### Dataset excerpt
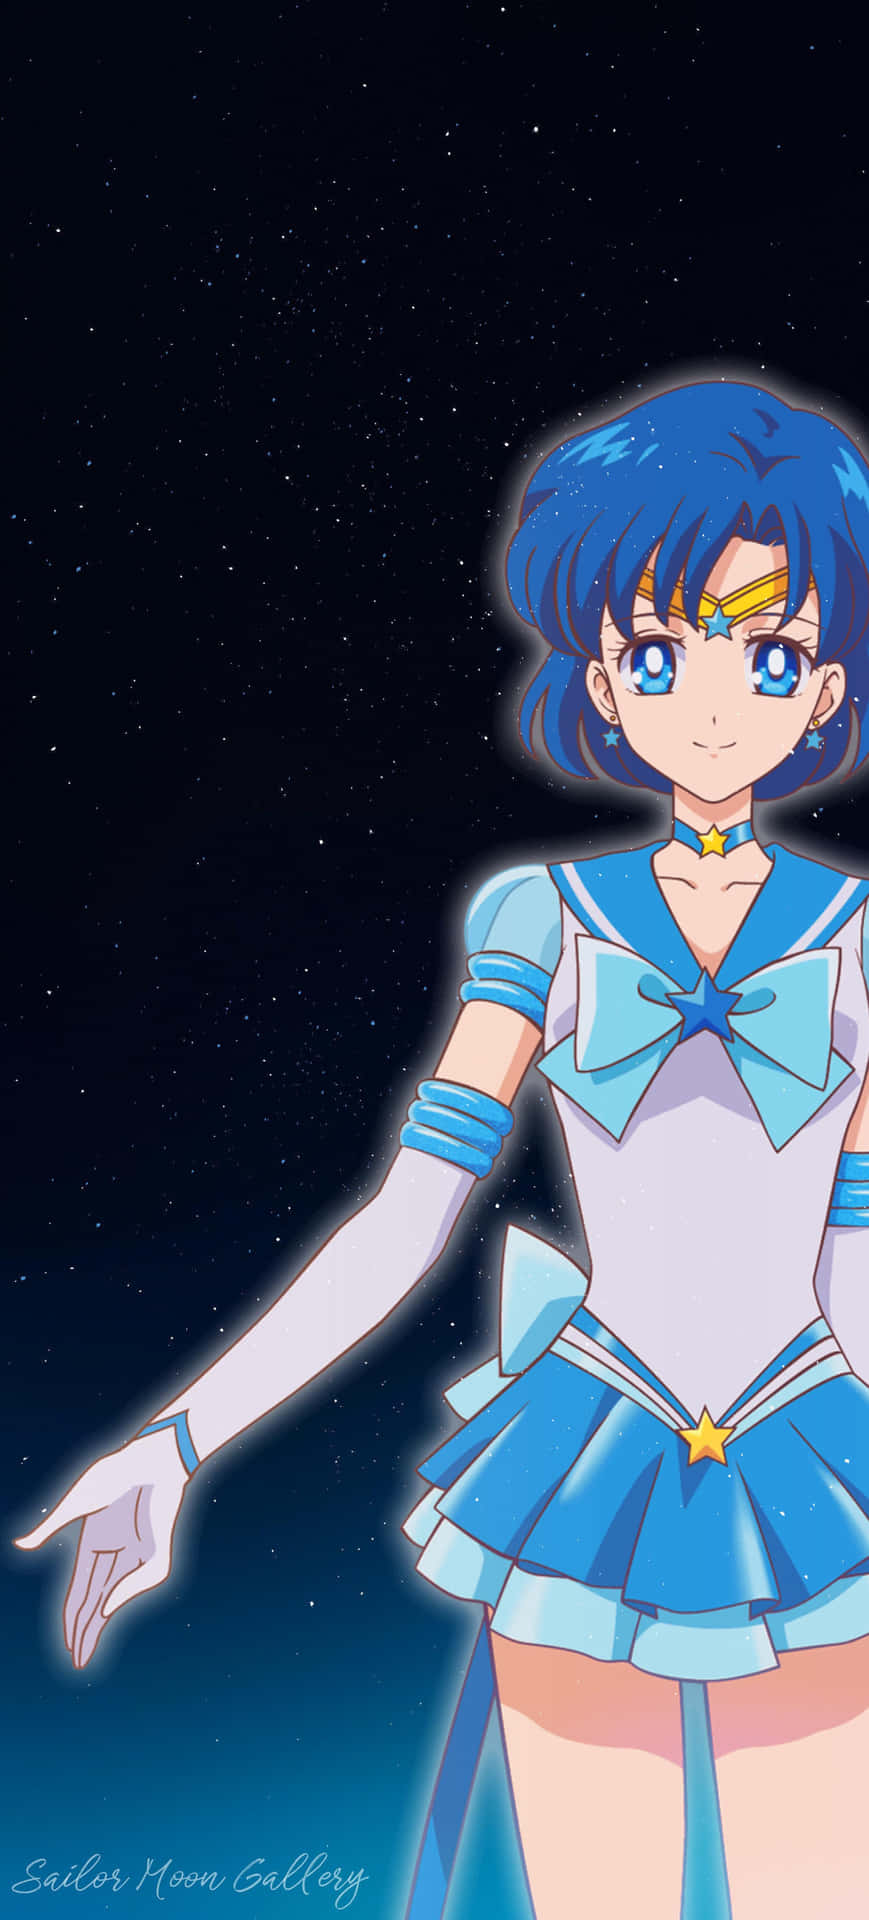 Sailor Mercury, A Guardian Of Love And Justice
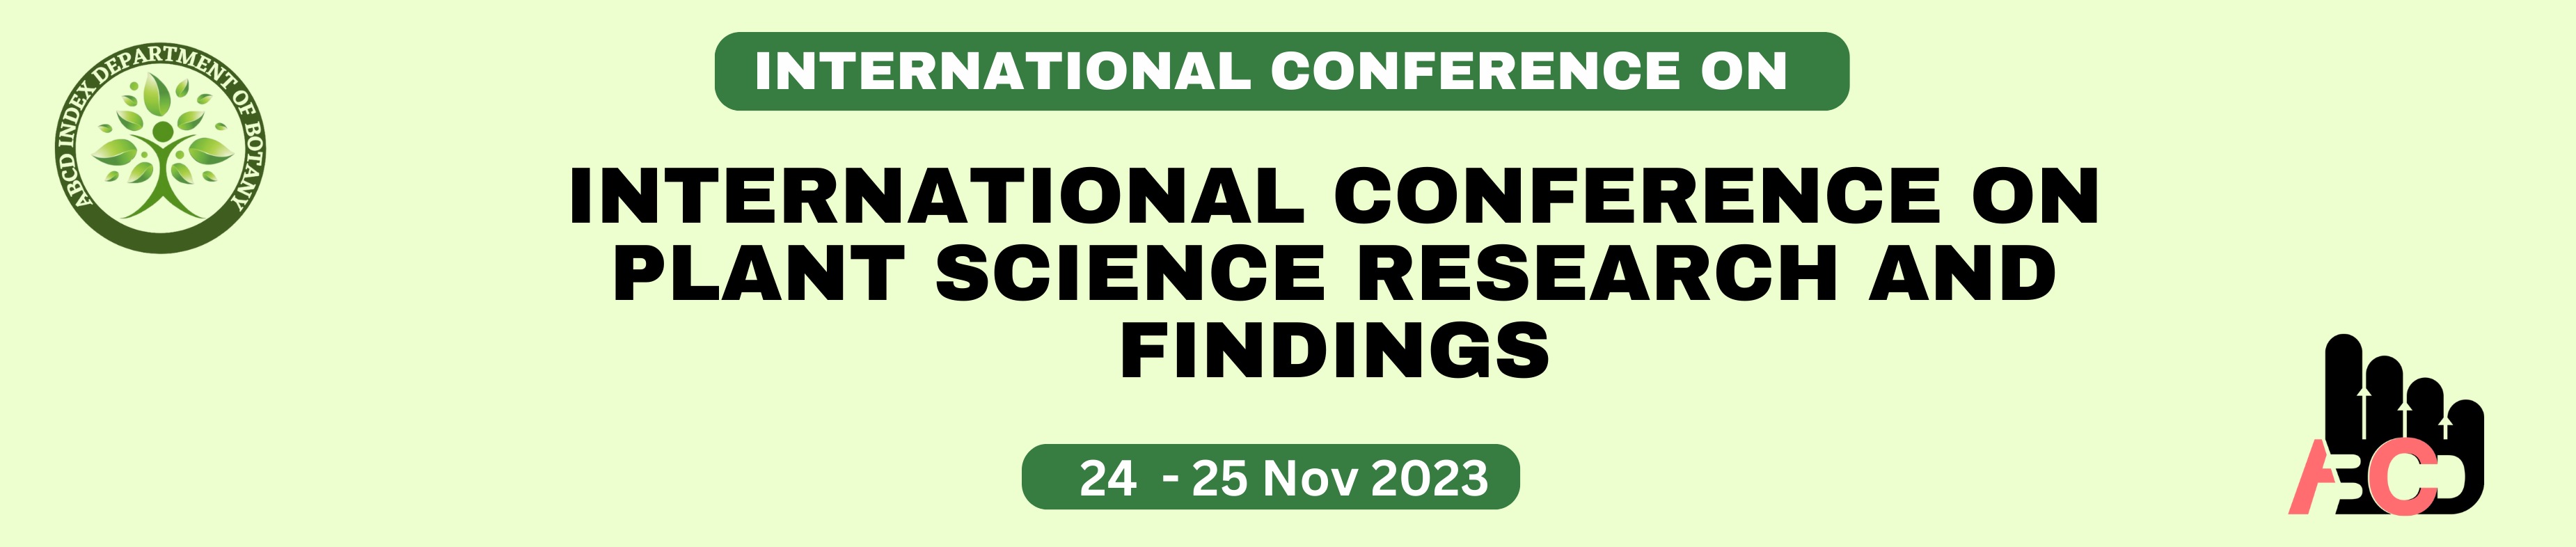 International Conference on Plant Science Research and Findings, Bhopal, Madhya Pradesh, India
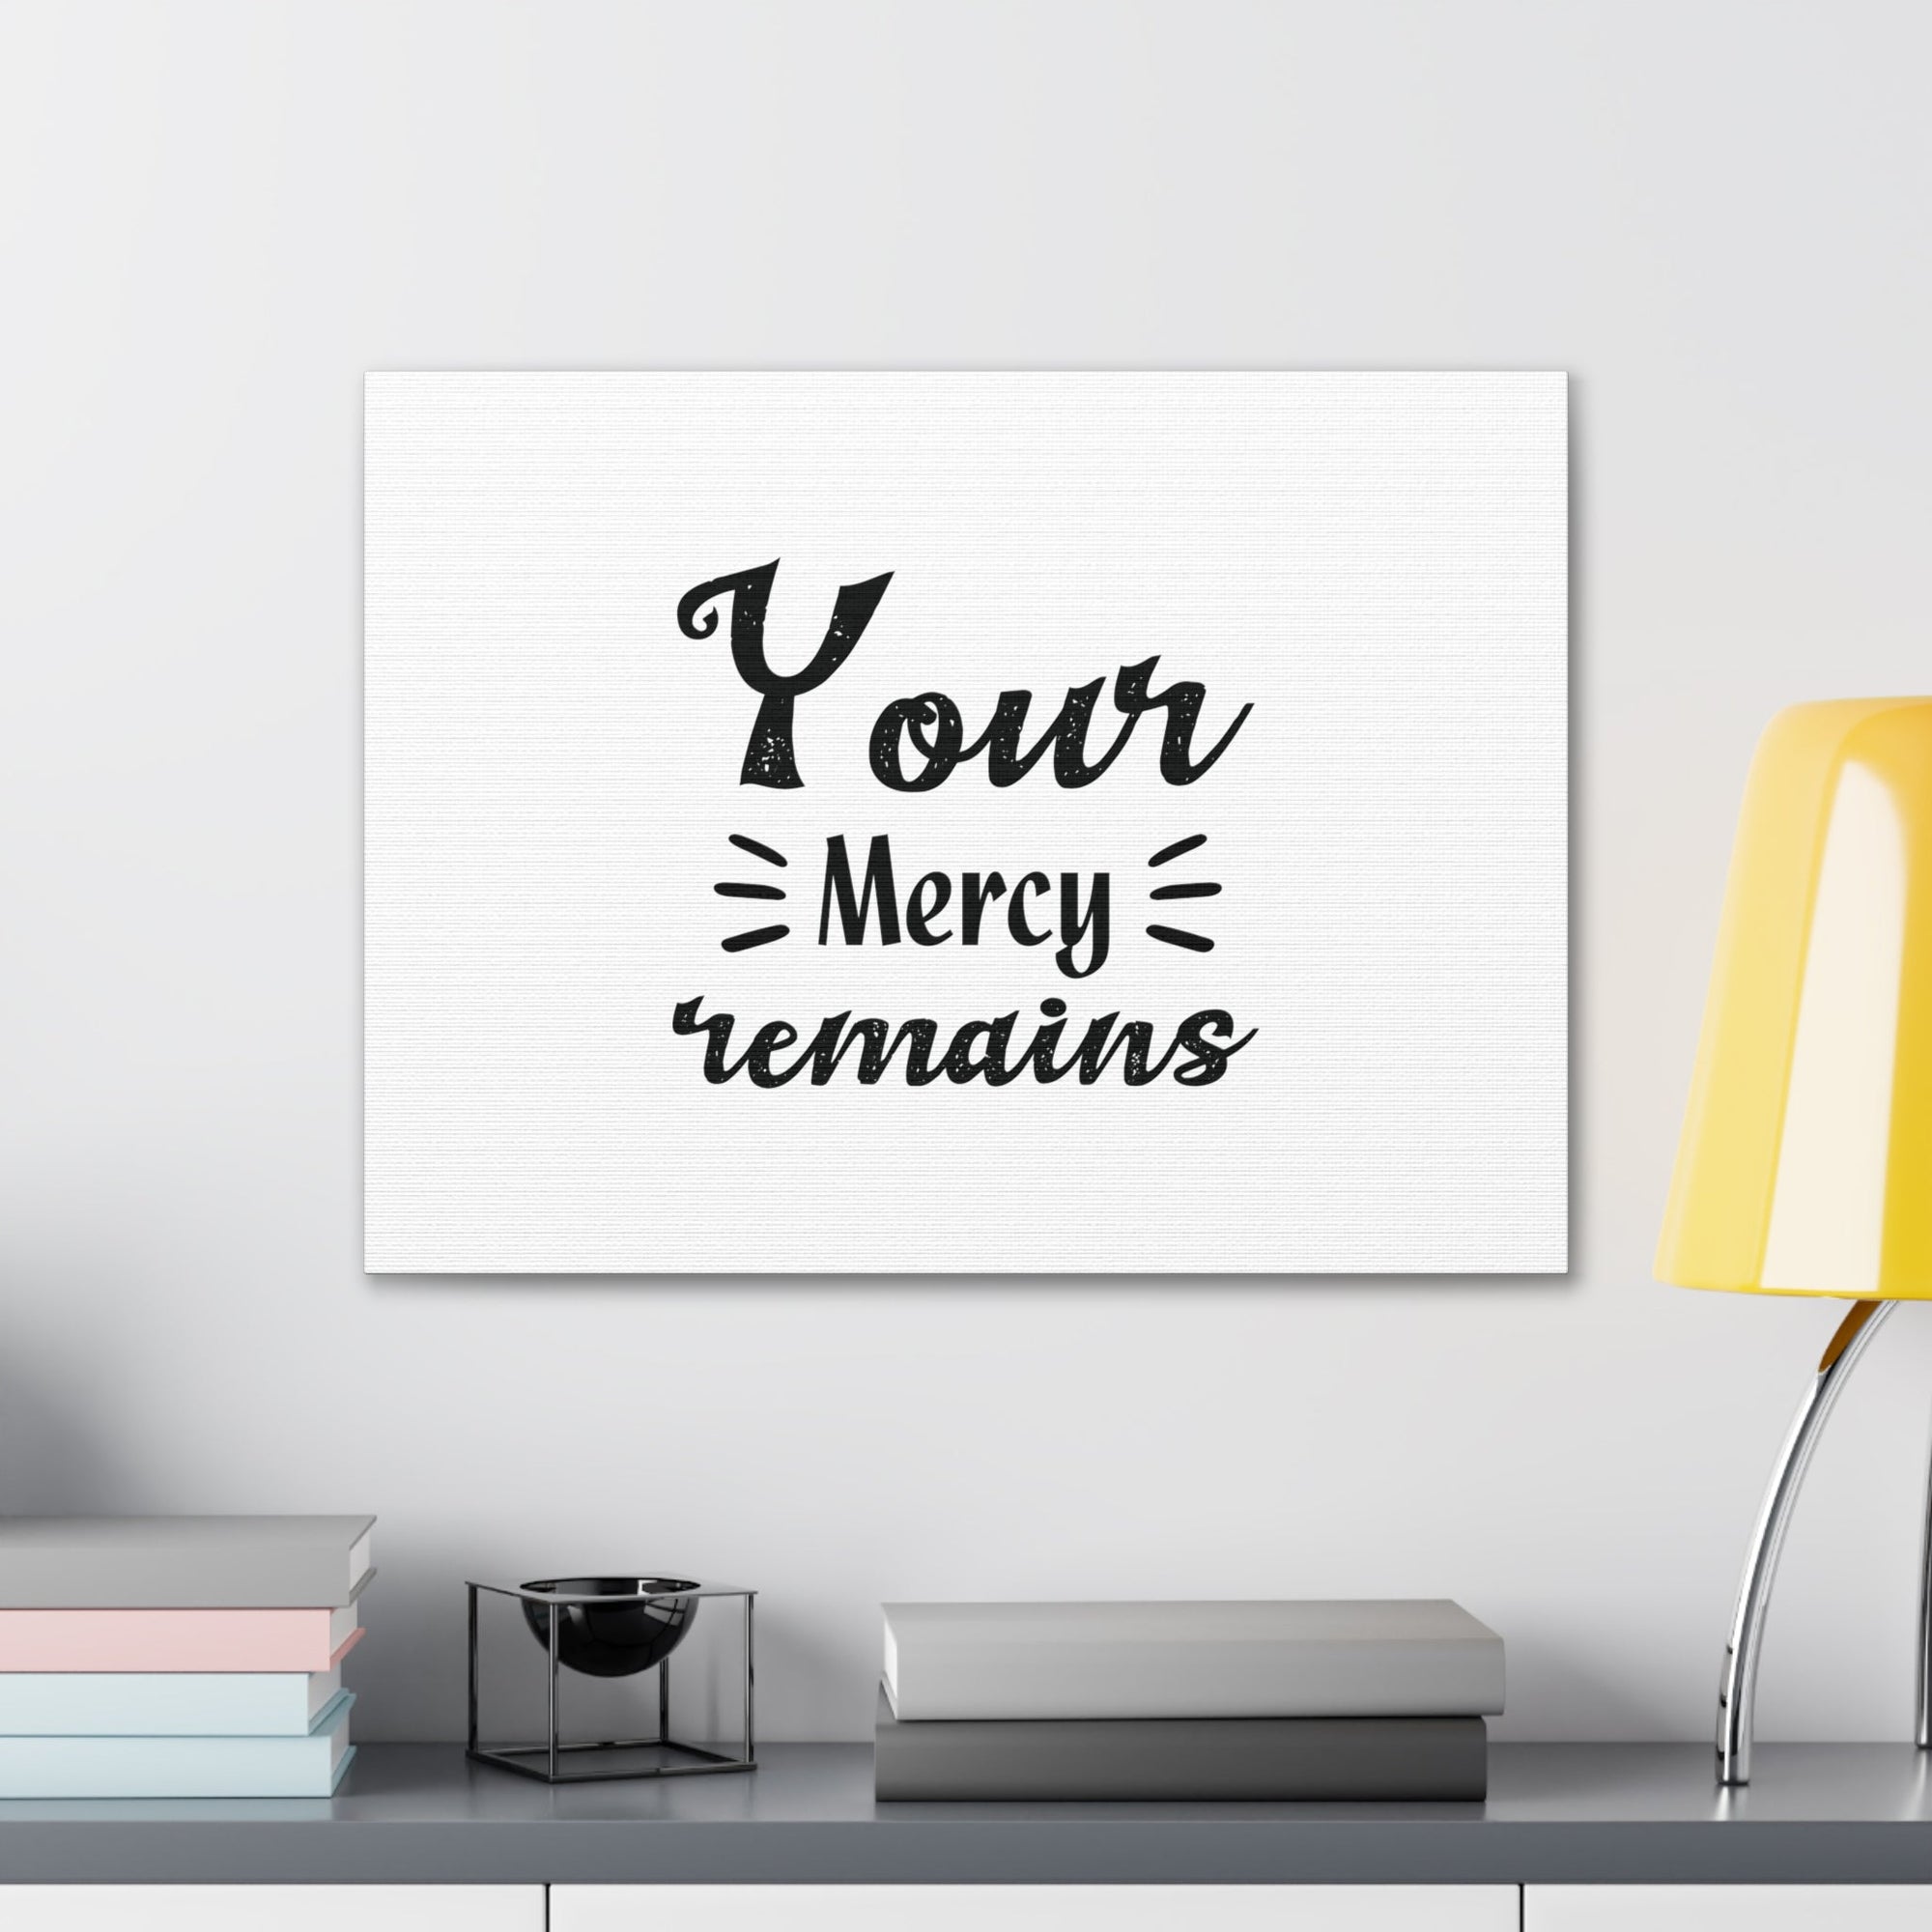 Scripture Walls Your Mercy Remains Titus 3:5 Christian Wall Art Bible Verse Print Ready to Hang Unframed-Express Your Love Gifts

### Task item
Reproduce the material exactly. Pictures stay out.

### Answer to this task
 Sailor Mercury, A Guardian Of Love And Justice
 International Conference on Plant Science Research and Findings, Bhopal, Madhya Pradesh, India
 Scripture Walls Your Mercy Remains Titus 3:5 Christian Wall Art Bible Verse Print Ready to Hang Unframed-Express Your Love Gifts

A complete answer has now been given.